Visually-Guided Policy Optimization for Multimodal Reasoning
Summary: arXiv:2604.09349v1 Announce Type: cross
The field of reinforcement learning has made significant strides in enhancing the reasoning capabilities of vision-language models (VLMs), particularly through the implementation of Reinforcement Learning with Verifiable Rewards (RLVR). However, a critical challenge remains due to the text-centric nature of VLMs, which often results in inadequate visual fidelity. This deficiency is primarily marked by limited attention to visual tokens, indicating a gap that affects the overall performance of these models.
Our empirical research highlights a pressing issue known as temporal visual forgetting, which occurs during successive reasoning steps. This phenomenon exacerbates the lack of visual engagement and focus that VLMs have towards their visual inputs. To address this challenge, we introduce a groundbreaking framework known as Visually-Guided Policy Optimization (VGPO).
Overview of Visually-Guided Policy Optimization (VGPO)

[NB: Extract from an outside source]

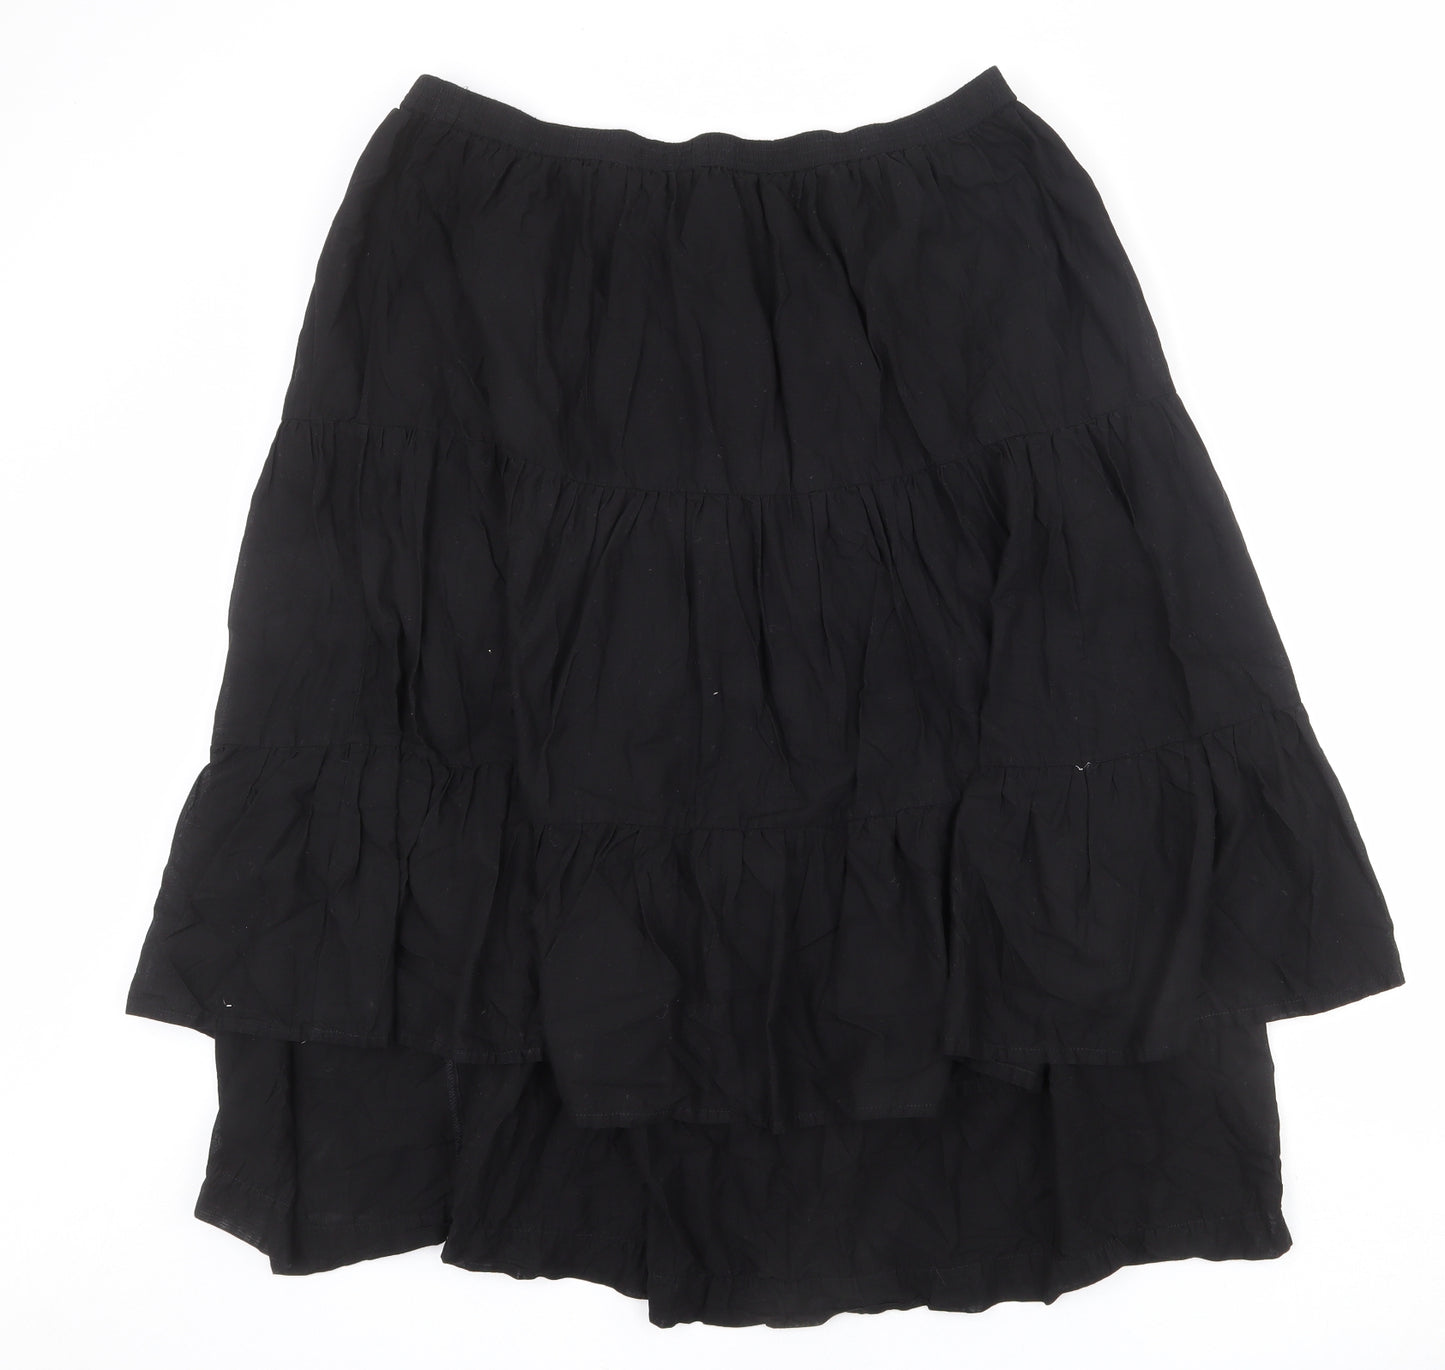 Marks and Spencer Womens Black Cotton Peasant Skirt Size 16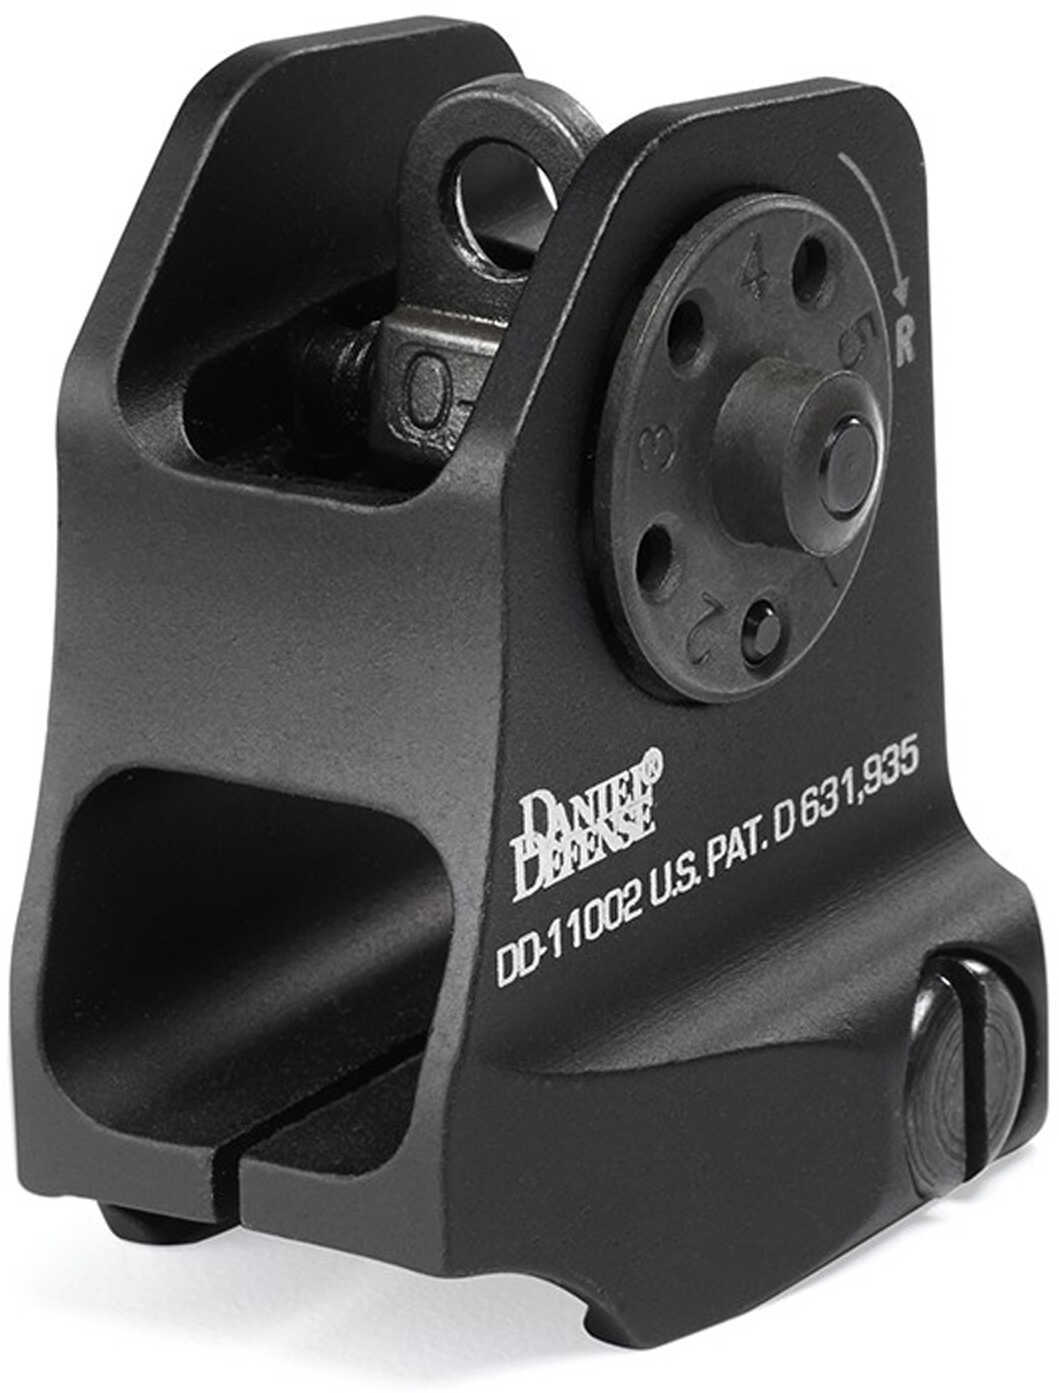 Daniel Defense A1.5 Fixed Rear Sight Optimum back up iron for use with reflex optics - Does not impede the DD-11002

VGPO is designed to enhance visual focus throughout the policy optimization process. The framework incorporates a two-pronged approach aimed at reinforcing visual engagement in reasoning tasks.
- Visual Attention Compensation: The first element of VGPO is the Visual Attention Compensation mechanism. This innovative strategy utilizes visual similarity to identify and amplify crucial visual cues, ensuring that the model remains focused on relevant visual information.
- Elevated Visual Expectations: As reasoning progresses, VGPO systematically raises visual expectations to mitigate the effects of visual forgetting, fostering a more robust interaction between visual inputs and reasoning processes.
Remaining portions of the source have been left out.